Briefly, octopy and mincemeatpy are python implementations of map-reduce (light-weight), and clients can join the cluster in ad-hoc manner without requiring any installations (Of-course, except python). Here are the project details OCTOPY and Mincemeatpy.
The problem with these is they need to hold the entire data in-memory (including intermediate key-value pairs). So even for a moderate size data, they throw out of memory exceptions.
The key-reasons I'm using them are:
Python.
No cluster installation required.
I just prototype, and I can directly port the algorithm once I'm ready.
So my question is: Is there any package which handles the same stuff, but not just in-memory (which can handle moderate size data) ?
Try PyMapReduce. It runs on your own machine, but on several processes - so you don't need to build up master-node architecture and it have plenty of runners, for example DiskBasedRunner, which seems to store map data to temp files and after reduces them.
Suppose that one is interested to write a python app where there should be communication between different processes. The communications will be done by sending strings and/or numpy arrays.
What are the considerations to prefer OpenMPI vs. a tool like RabbitMQ?
There is no single correct answer to such question. It all depends on a big number of different factors. For example:
What kind of communications do you have? Are you sending large packets or small packets, do you need good bandwidth or low latency?
What kind of delivery guarantees do you need?
OpenMPI can instantly deliver messages only to a running process, while different MQ solutions can queue messages and allow fancy producer-consumer configurations.
What kind of network do you have? If you are running on the localhost, something like ZeroMQ would probably be the fastest. If you are running on the set of hosts, depends on the interconnections available. E.g. OpenMPI can utilize infiniband/mirynet links.
What kind of processing are you doing? With MPI all processes are usually started at the same time, do the processing and terminate all at once.
This is exactly the scenario I was in a few months ago and I decided to use AMQP with RabbitMQ using topic exchanges, in addition to memcache for large objects.
The AMQP messages are all strings, in JSON object format so that it is easy to add attributes to a message (like number of retries) and republish it. JSON objects are a subset of JSON that correspond to Python dicts. For instance {"recordid": "272727"} is a JSON object with one attribute. I could have just pickled a Python dict but that would have locked us into only using Python with the message queues.
The large objects don't get routed by AMQP, instead they go into a memcache where they are available for another process to retrieve them. You could just as well use Redis or Tokyo Tyrant for this job. The idea is that we did not want short messages to get queued behind large objects.
In the end, my Python processes ended up using both AMQP and ZeroMQ for two different aspects of the architecture. You may find that it makes sense to use both OpenMPI and AMQP but for different types of jobs.

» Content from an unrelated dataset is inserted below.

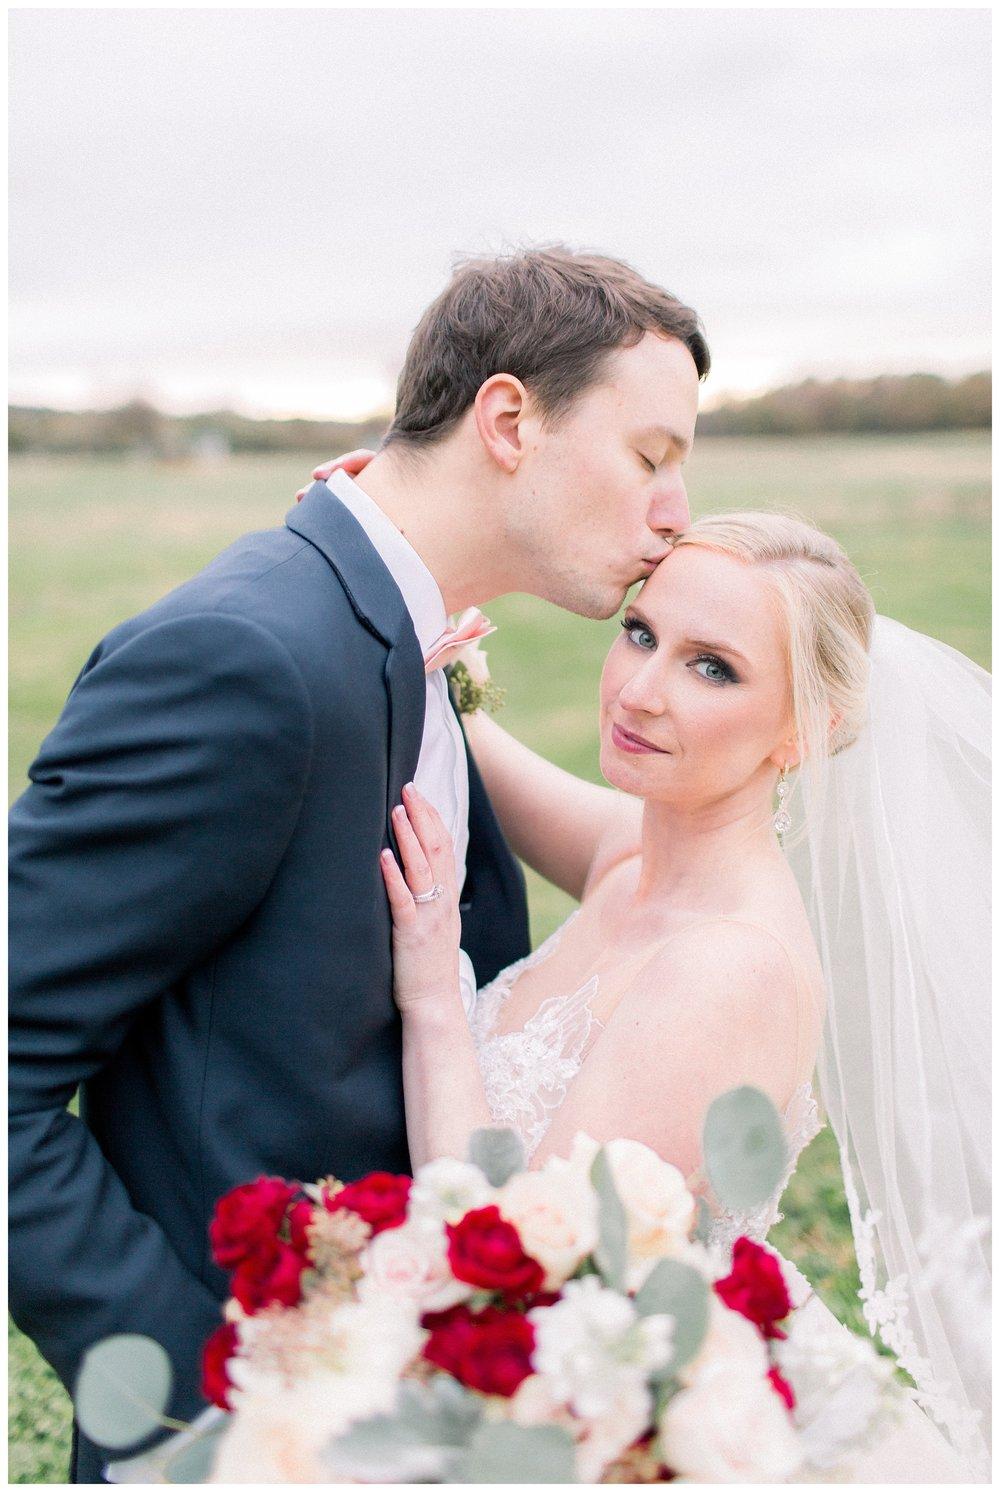 Whitehall Estate Wedding | Northern Virginia Wedding Photographer Kir Tuben_0085.jpg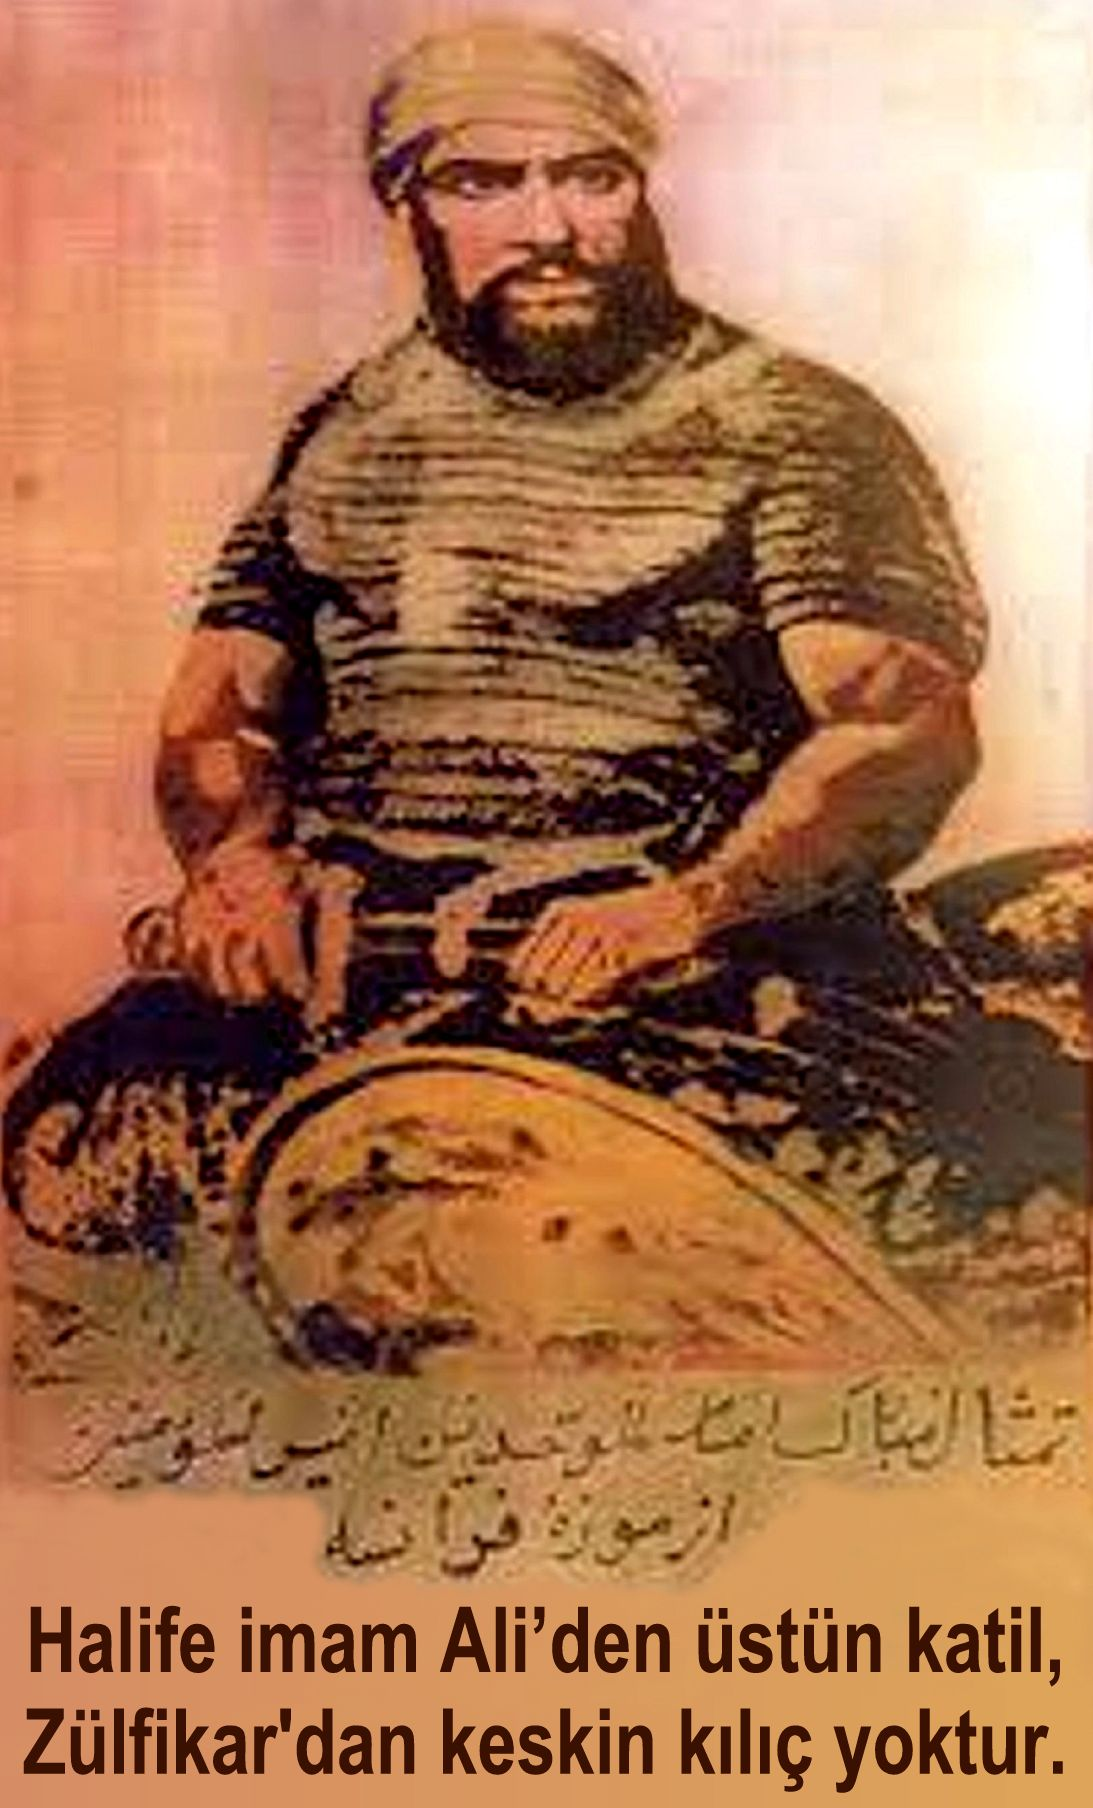 1 Hz imam Ali divani Alevi bektasi kizilbas pir sultan devrimci aleviler birligi DAB Feramuz Sah Acar arap hz ali keskin kilic yok

In my case, a supervisor process runs forever, starts a whole flock of worker who also run forever unless they die or hang, in which case the supervisor restarts them. The work constantly flows in as messages via AMQP, and each process handles just one step of the work, so that when we identify a bottleneck we can have multiple instances of the process, possibly on separate machines, to remove the bottleneck. In my case, I have 15 instances of one process, 4 of two others, and about 8 other single instances.